🧒 Kids With the Greatest Number of Candies

---

🔹 Problem Summary:

You’re given:

• A vector candies, where candies[i] is the number of candies the i-th kid has.

• An integer extraCandies.

Task:

• Return a boolean array result of the same length as candies.

• For each kid, add extraCandies to their current candies.

• If the new total is greater than or equal to the maximum among all kids, set result[i] = true; else false.

• Note: Multiple kids can have the greatest number of candies.

---

📌 Example:

Input: candies = [1, 2, 3], extraCandies = 1

• Maximum current candies = 3

Output: [false, true, true]

---

🔍 Approach:

1. Find the maximum number of candies any kid currently has.

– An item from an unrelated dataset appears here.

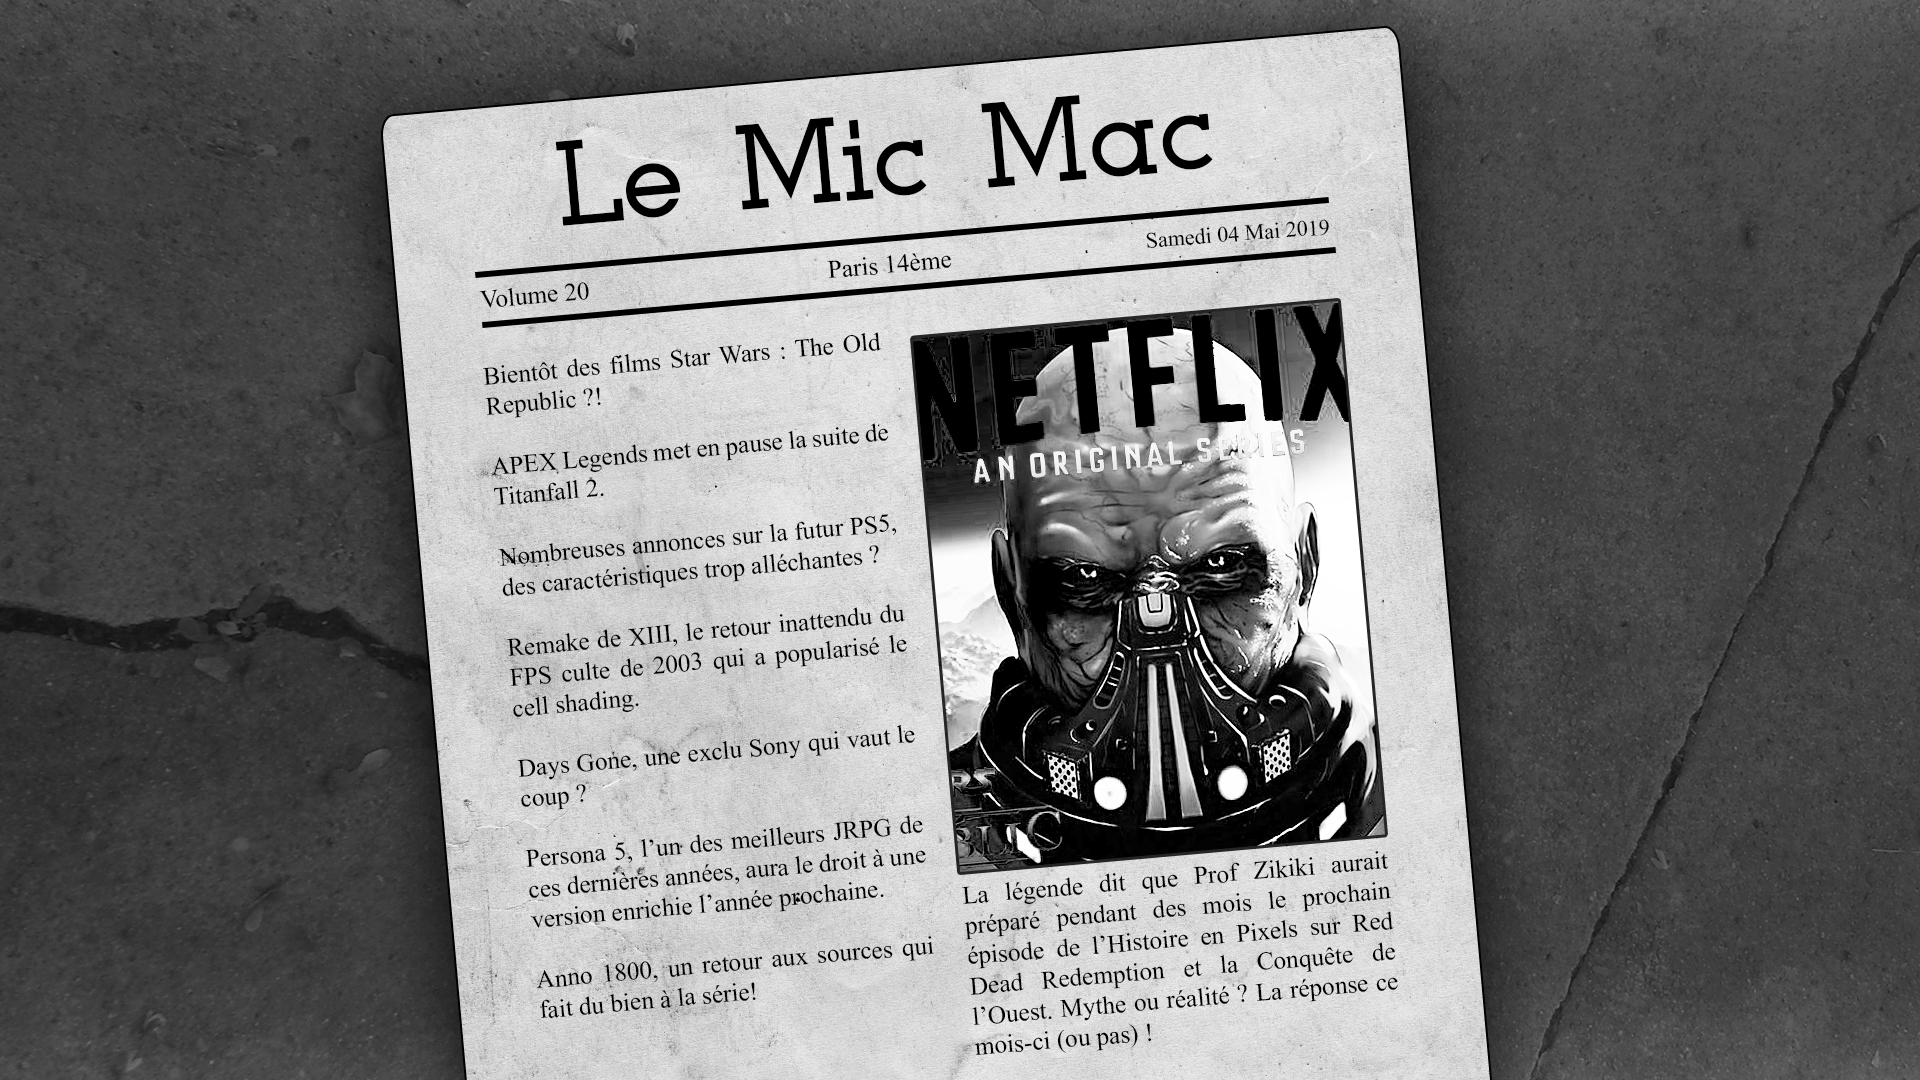 Au Tour du Mic – Mic Mac #20: 14/04/2019 au 29/04/2019
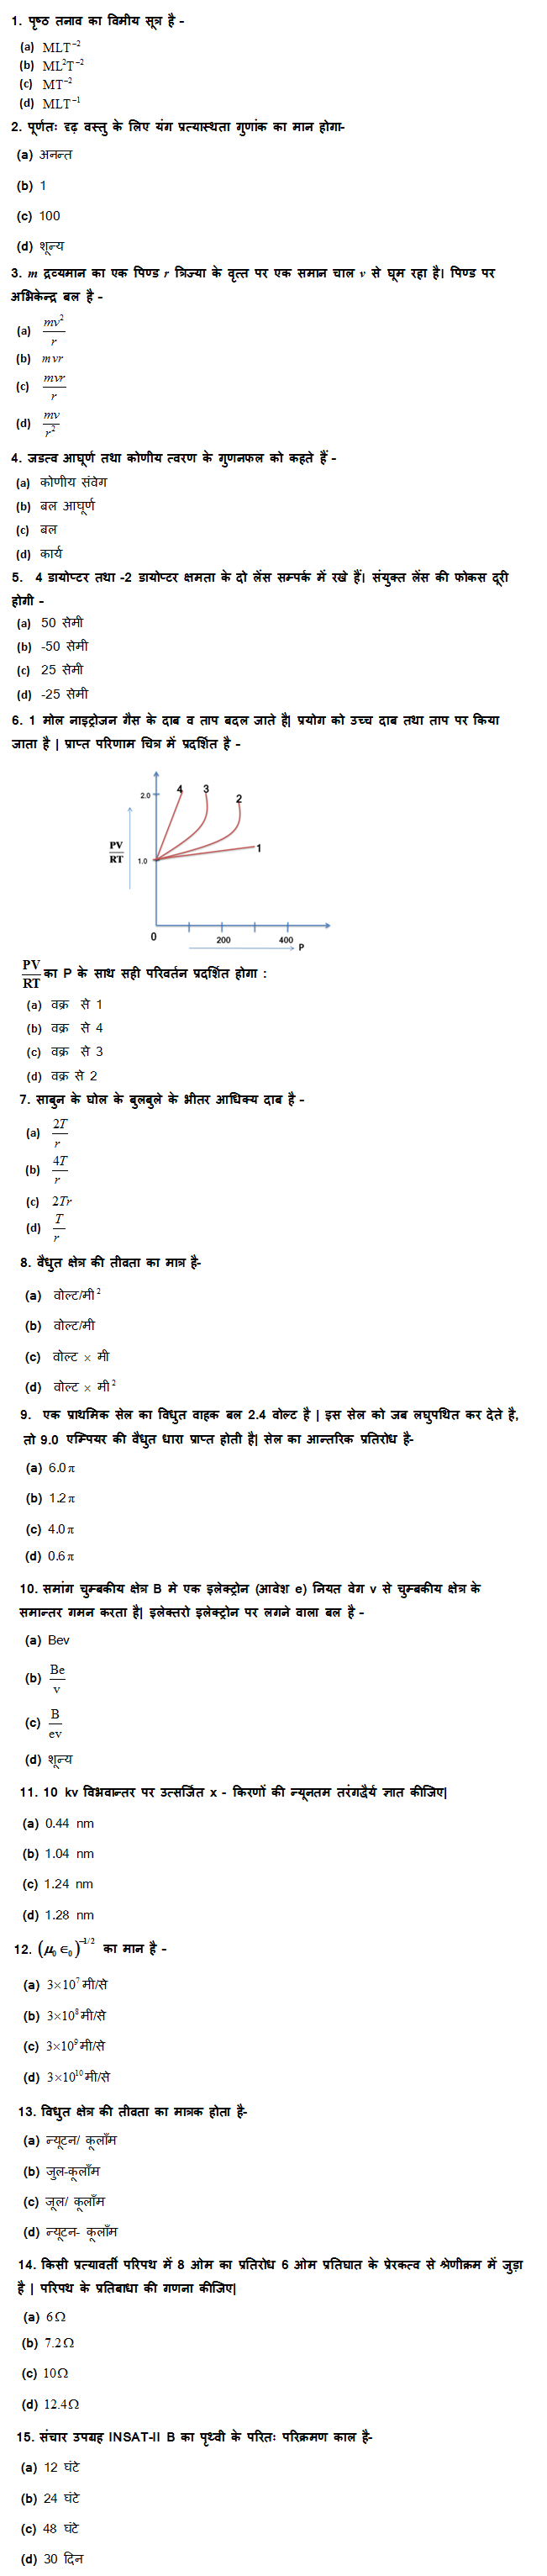 UP Board Class 12th Physics MCQ Test Set: 1 9

2. Loop through each kid’s candies and:

   • Add the extra candies.

   • Compare with maxVal.

   • Store true or false in result vector.

3. Return the result vector.

---

✅ Final Code (LeetCode-style only):

class Solution {
public:
    vector<bool> kidsWithCandies(vector<int>& candies, int extraCandies) {
        int maxVal = *max_element(candies.begin(), candies.end());
        vector<bool> res;
        for (int candy : candies) {
            res.push_back(candy + extraCandies >= maxVal);
        }
        return res;
    }
};

---

🧠 Quick Note on max_element:

To find the maximum candies:

int maxVal = *max_element(candies.begin(), candies.end());

• max_element (from <algorithm>) returns an iterator to the largest element.

• We use * to dereference and get the value.

• Time complexity: O(n)

---

keep coding keep optimising 🚀